3. Gaza City is not the only place that has been reduced to rubble in the past week. Dan Stillman at WaPo points out that Hurricane Otis hit Acapulco on October 25 with 205 mph winds, “among the strongest ever measured.”

Iván Cabrera at N+ reports that the megastorm destroyed 80% of the city’s infrastructure, leaving the inhabitants without light, electricity, communications or internet. Some 274,000 homes and 600 hotels were affected by the outages in this city of some 800,000 workers in the tourism industry, at an estimated cost of $18 billion. Over 32,000 homes suffered physical damage.

As of midweek this week, only 35% of the city had potable drinking water. Seven soup kitchens set up by the provincial Guerrero government delivered 4,000 servings of food every day. Although 10,200 electricity poles were downed and 38 high tension wires were damaged, some 75% of the city now again has electricity.

The unprecedented destruction came about because humans are burning fossil fuels and heating up the earth and especially the oceans. Otis accelerated as it neared the Pacific coast of Mexico, jumping in only 12 hours from a Category 1 to a Category 5 hurricane just before it slammed into “America’s Paradise.” Ordinarily such storms slow as they approach landfall, and their force is dissipated once they get beyond the warm waters that feed them. It was the first known Category 5 storm to strike the Pacific coast of Mexico. It won’t be the last.

Jeff Masters and Bob Henson at Yale Climate Connections observe, “In what the National Hurricane Center called a ‘nightmare scenario,’ Hurricane Otis made landfall near Acapulco, Mexico, at 1:25 a.m. CDT on Wednesday, October 25, as a catastrophic Category 5 hurricane with 165 mph winds and a central pressure of 923 mb. Otis unexpectedly intensified from a tropical storm with 65 mph winds to a Category 5 storm with 165 mph winds – an astonishing 100 mph increase – in the 24 hours before landfall. Rapid intensification is extremely dangerous because it leaves people little time to prepare for strong storms. The phenomenon is expected to happen more often as the climate warms.”

Let that sink in. “Rapid intensification” of hurricanes and cyclones will become more and more frequent, making any early warning system for evacuations almost impossible.

One reason Otis intensified so rapidly was that it was passing over a sea surface that was 86-88°F (30-31° C.) The Pacific is usually much colder than that, but it is 1.8° F. warmer than the average of the past twenty years. It has been an unusually hot summer, and September had set a record for a spike in temperatures.
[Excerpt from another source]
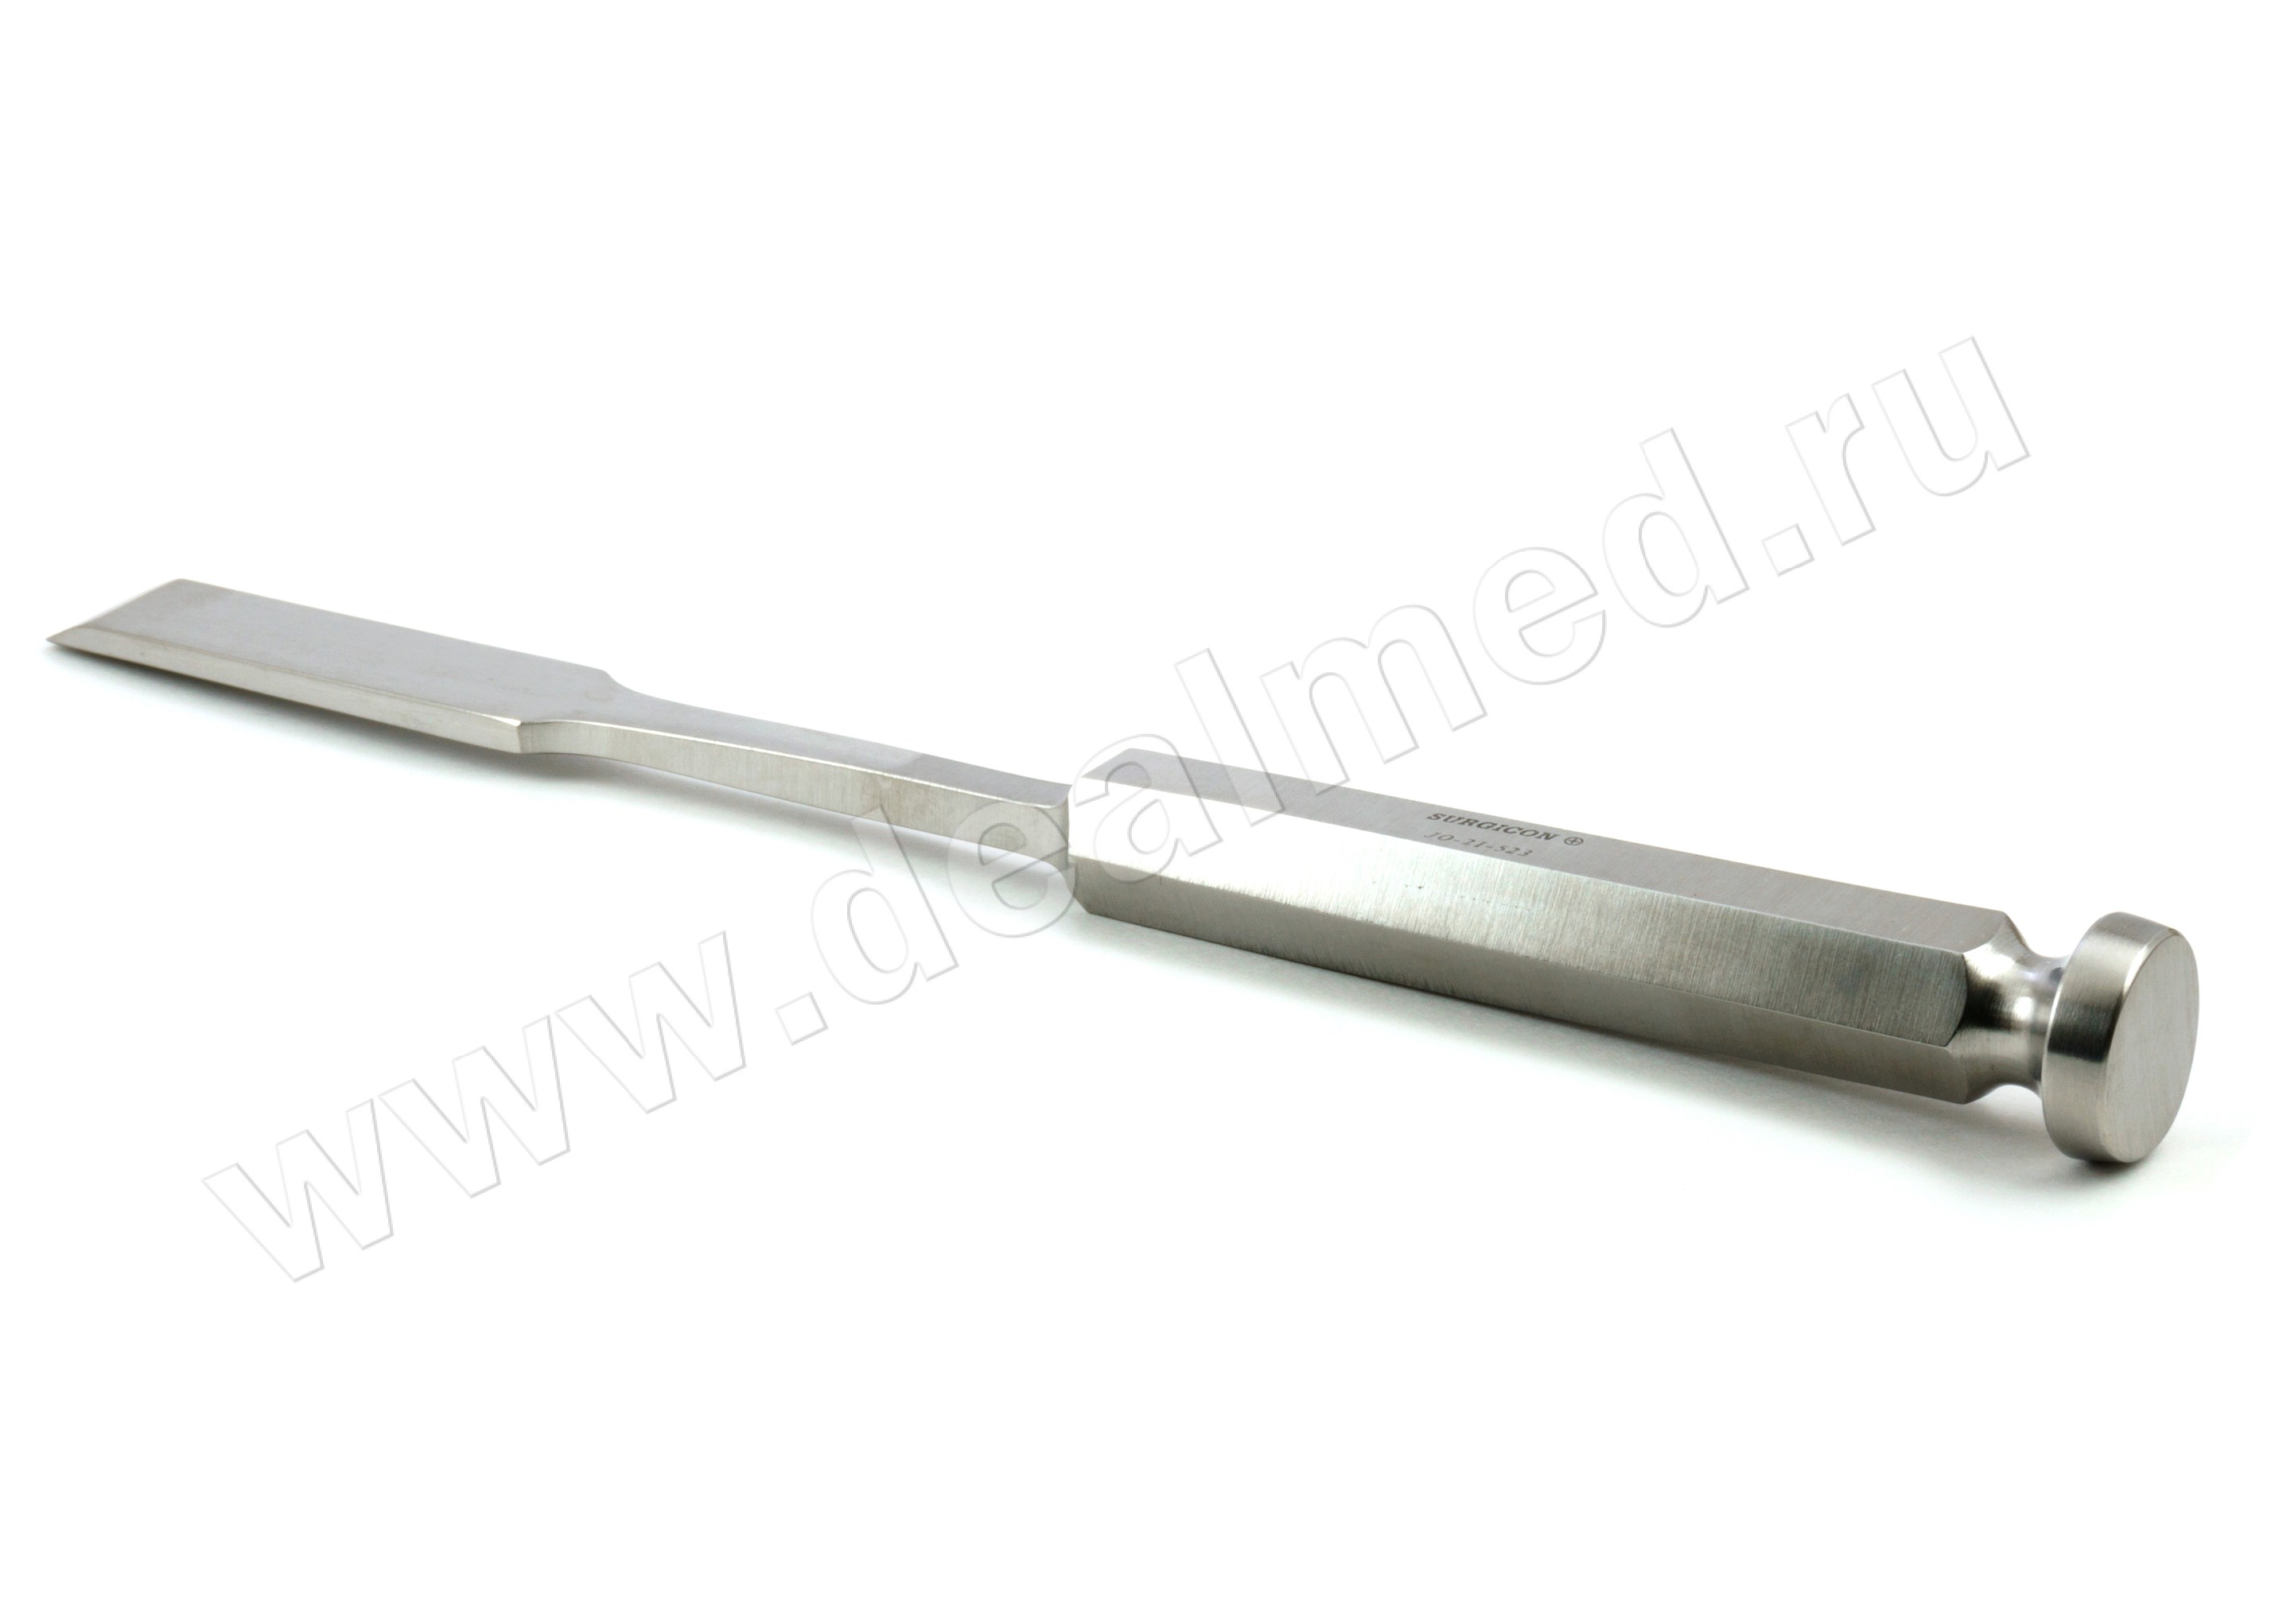 Долото с шестигранной ручкой плоское с 2х сторонней заточкой 10 мм (арт. JO-21-530) Surgicon, Пакистан

Both underlying climate change, caused by our burning fossil fuels (the equivalent of setting off 400,000 nuclear bombs the size of the one that was dropped on Hiroshima every single day) , and El Niño contributed to this hot mess off the coast.

- Goodbye Acapulco: 205 mph Winds destroy 80% of Infrastructure, do $18 bn of Damage in Climate Change Warning, JuanCole.com, November 2, 2023.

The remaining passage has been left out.